- **PROBLEM REQUIREMENTS**
Retype the data that follows line by line, exactly, and leave its pictures out.
EXERCISE DATA section start
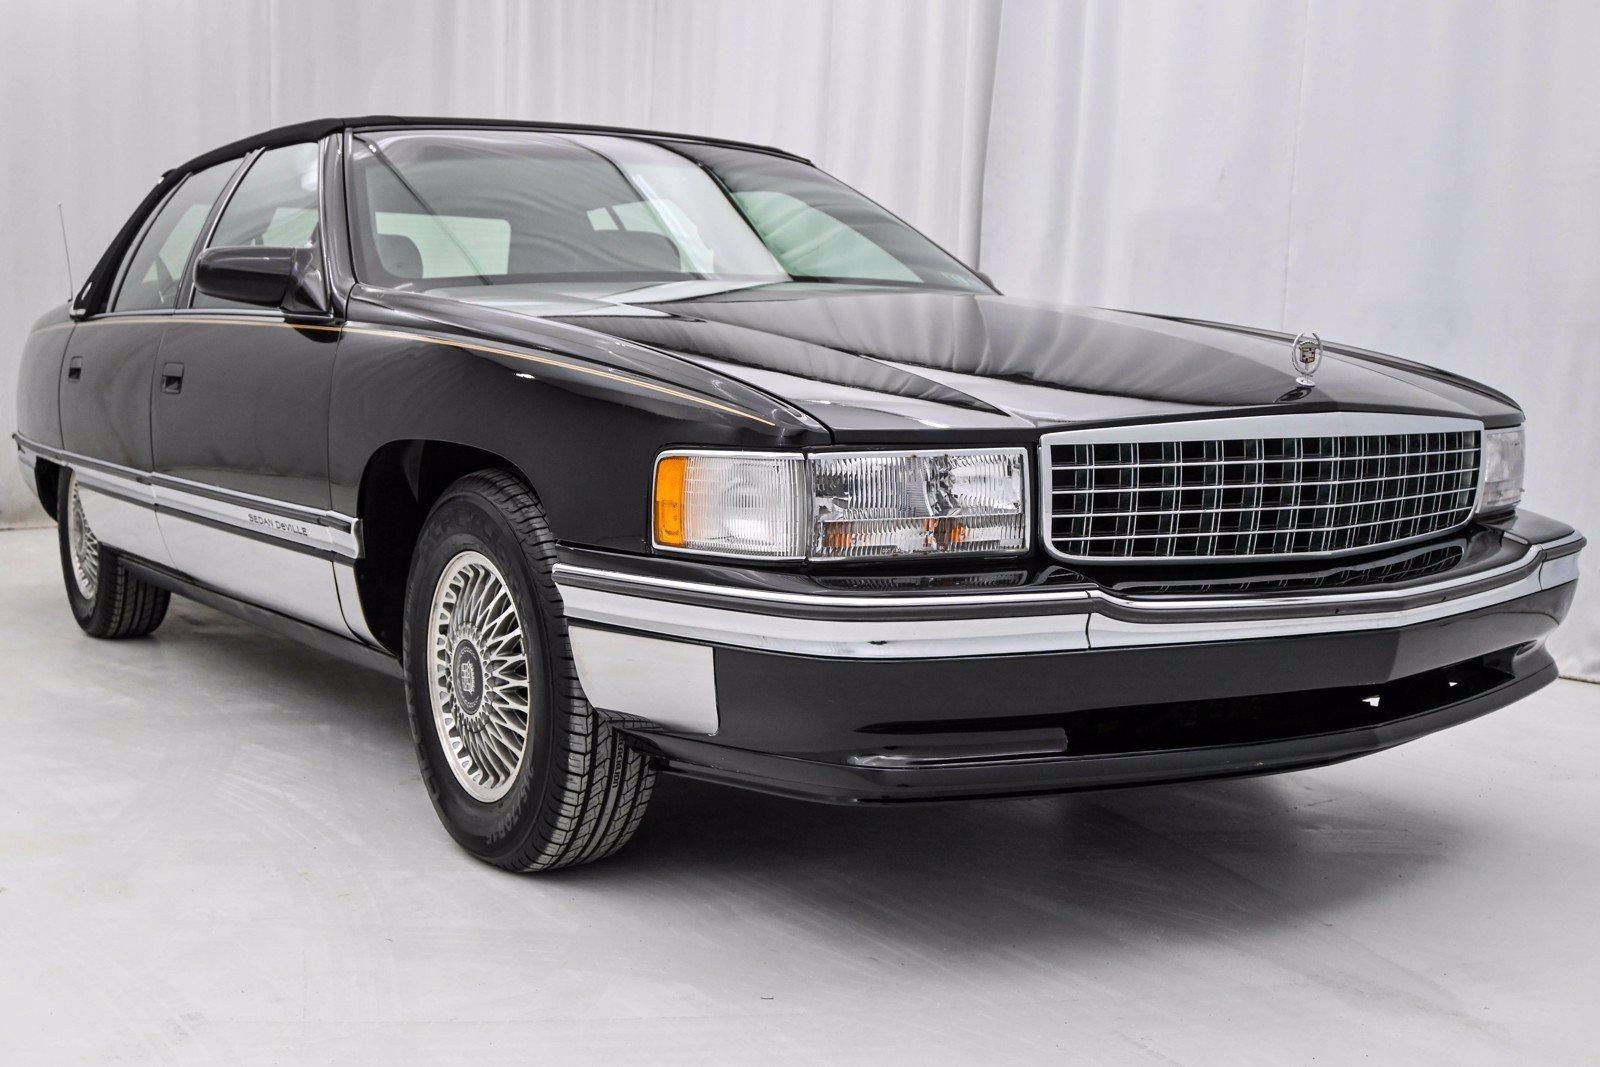 1995 Cadillac DeVille Price, Review & Ratings
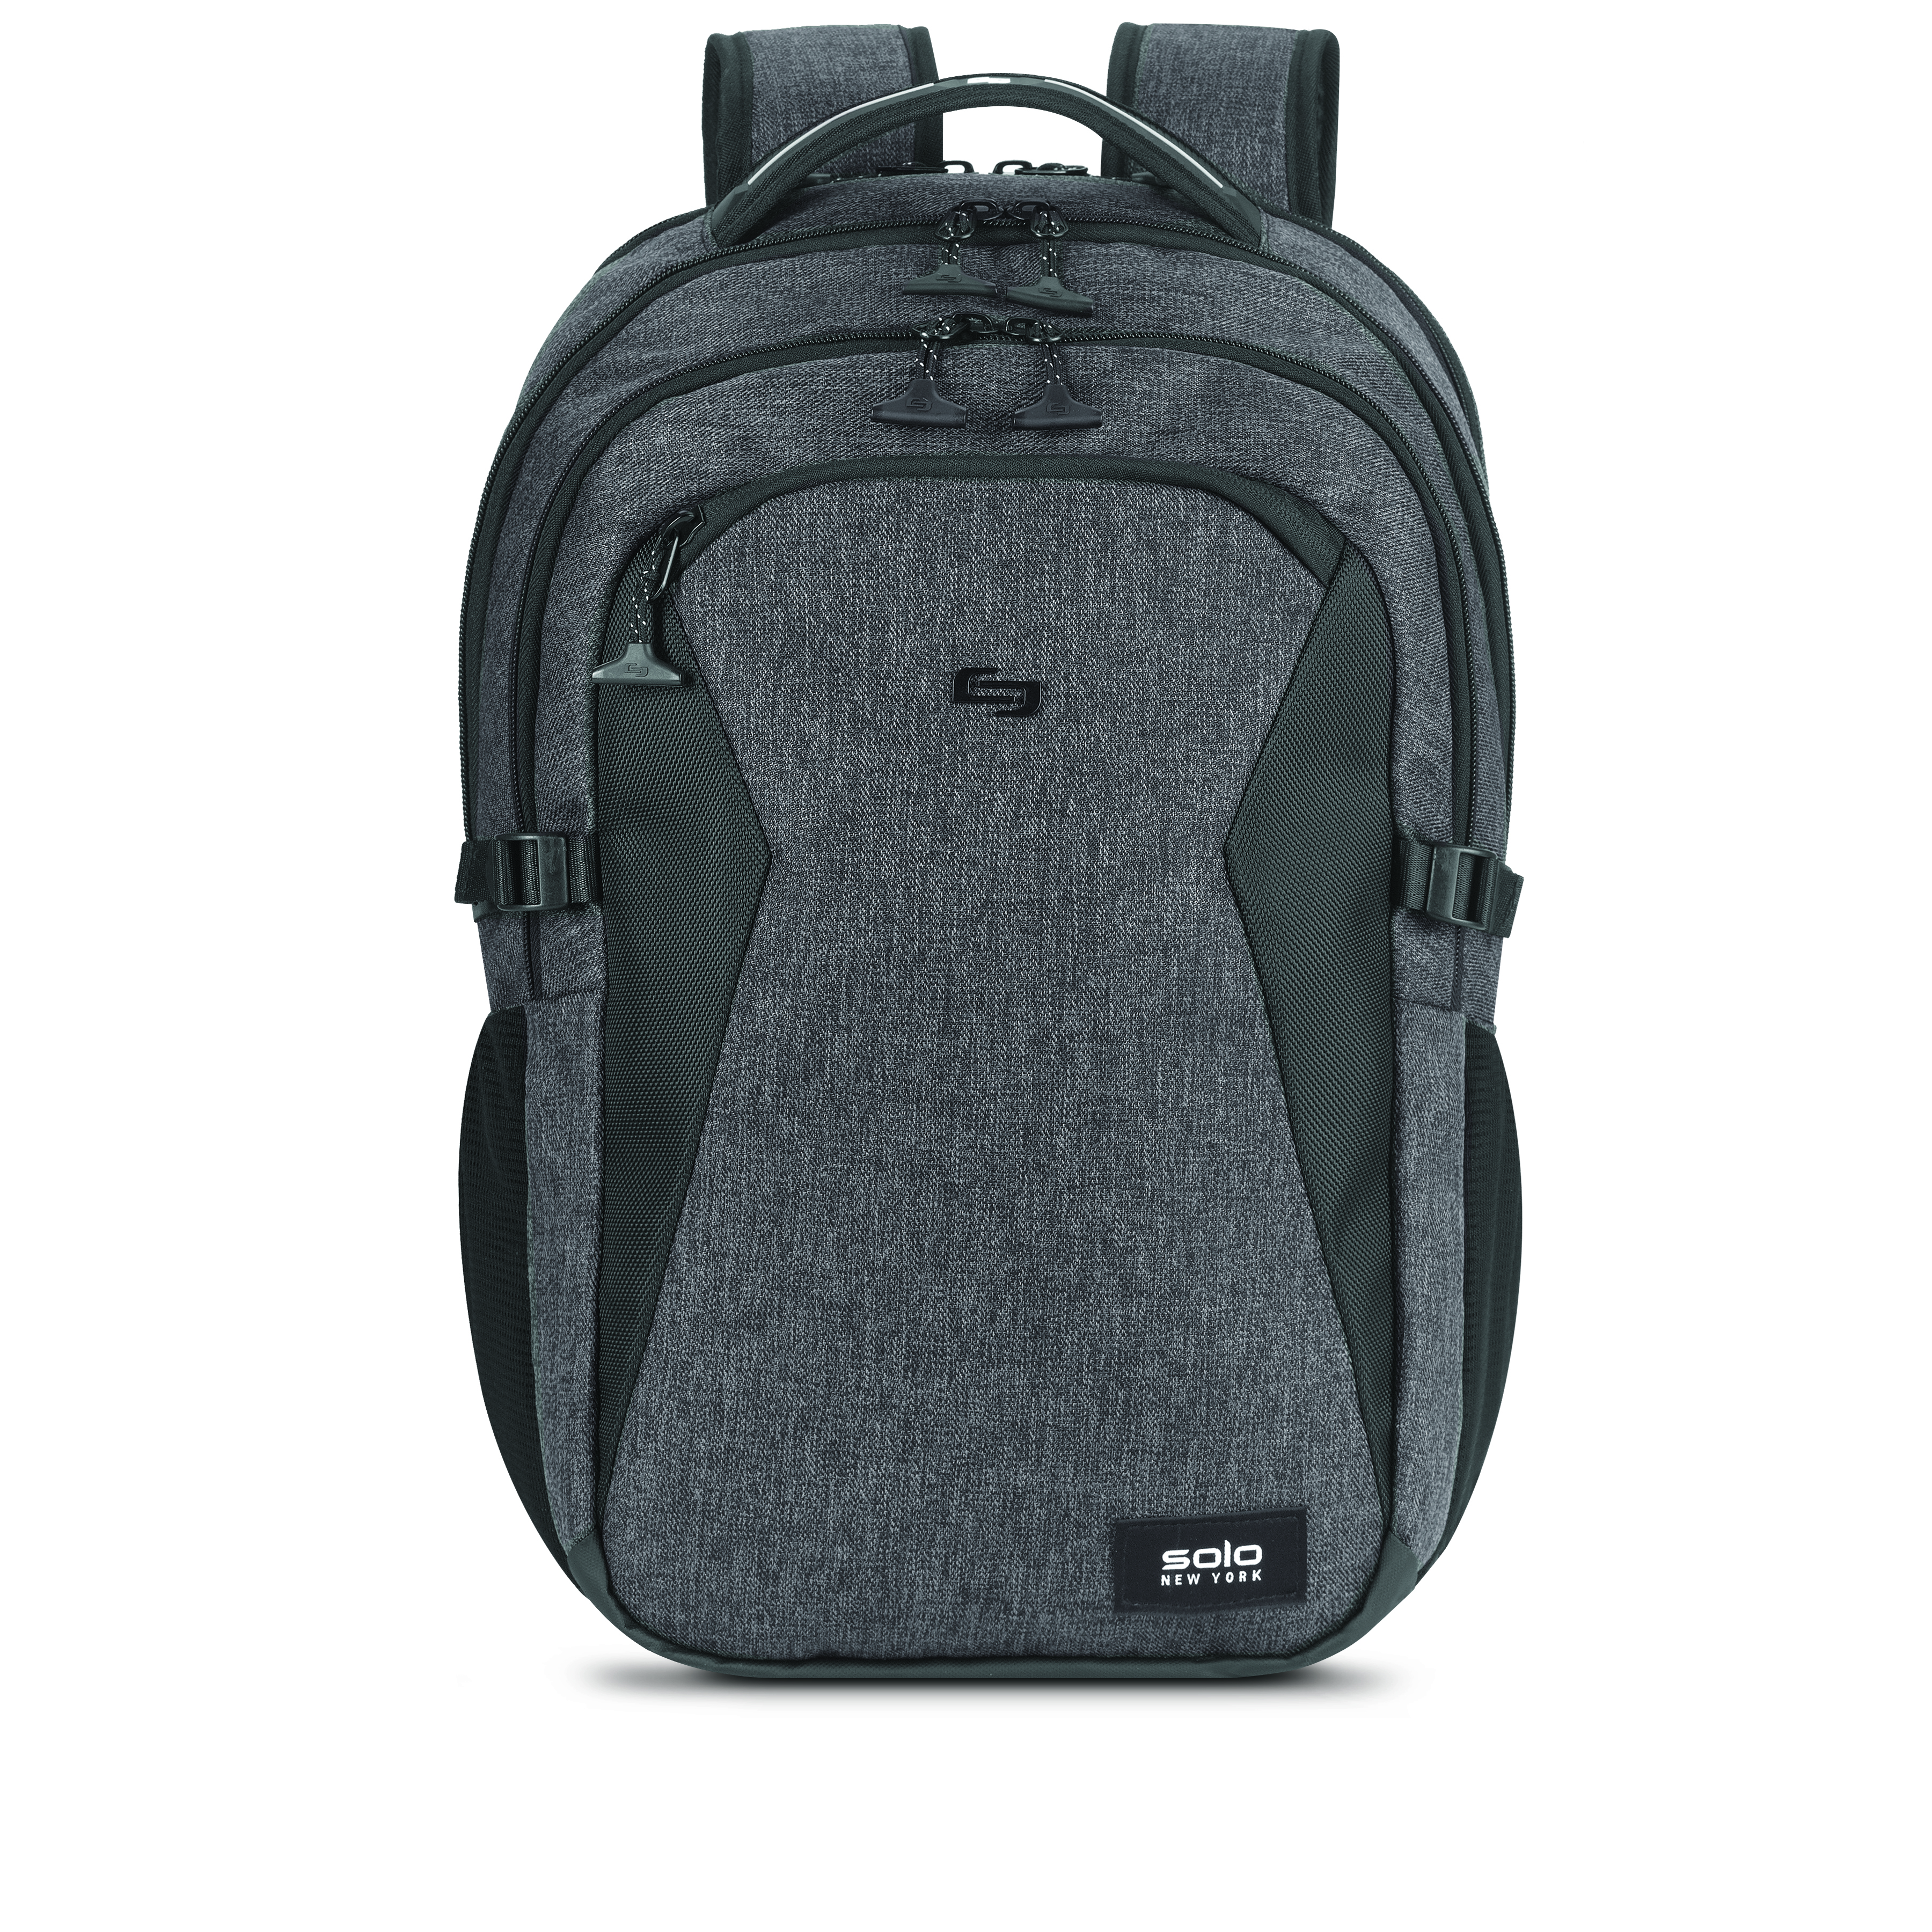 Unbound Backpack (Solo New York)
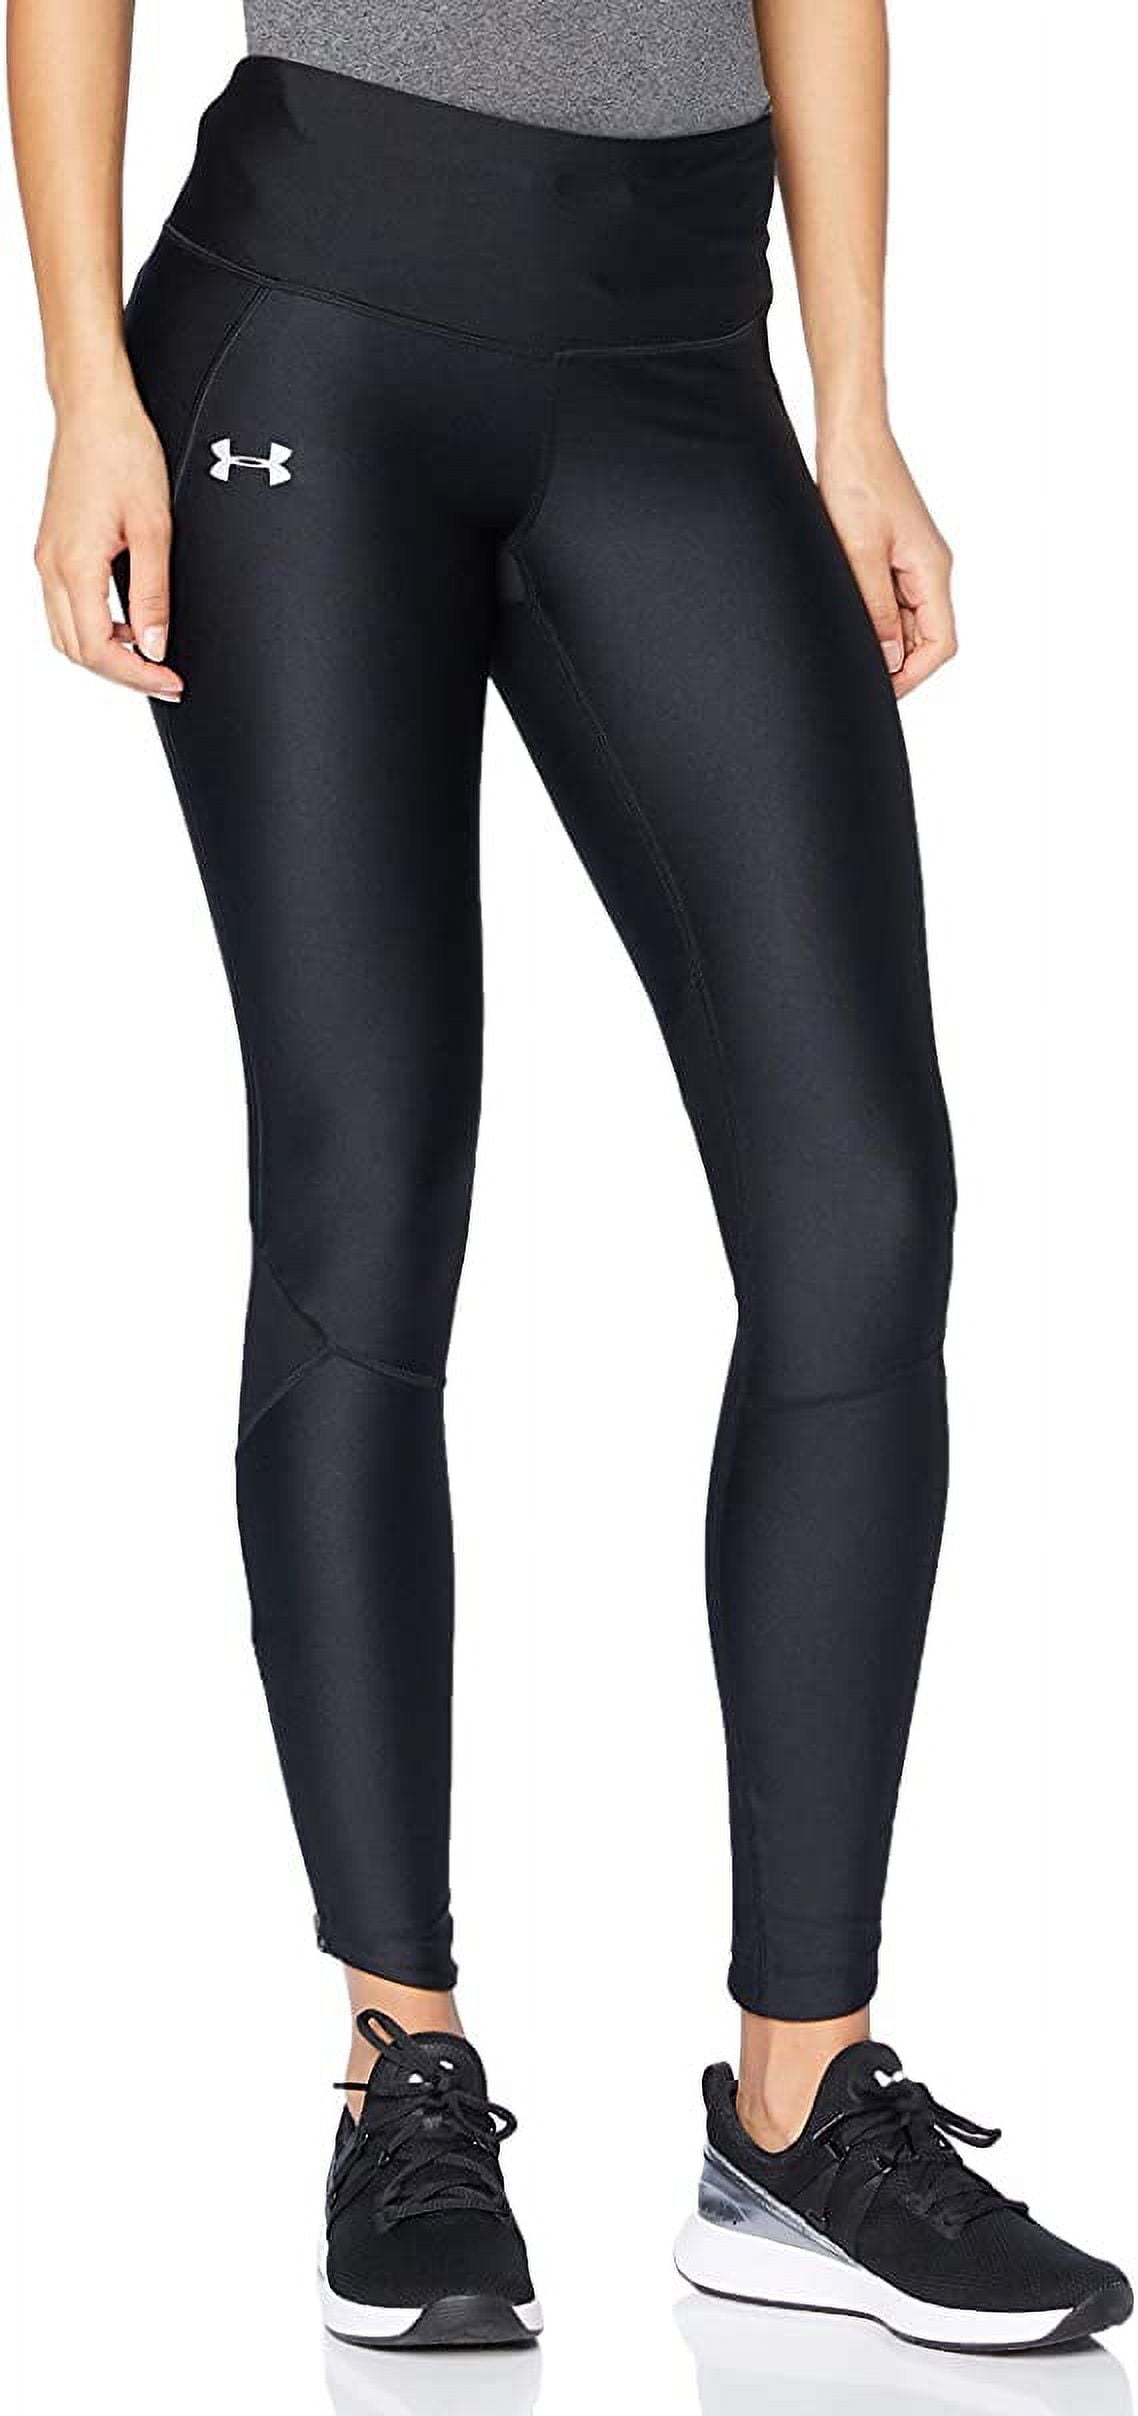 New Under Armour Women's Armour Fly Fast Tights Black/White Large ...
EXERCISE DATA section end
- **ANSWER BOX**
 1995 Cadillac DeVille Price, Review & Ratings
 Unbound Backpack (Solo New York)
 New Under Armour Women's Armour Fly Fast Tights Black/White Large ...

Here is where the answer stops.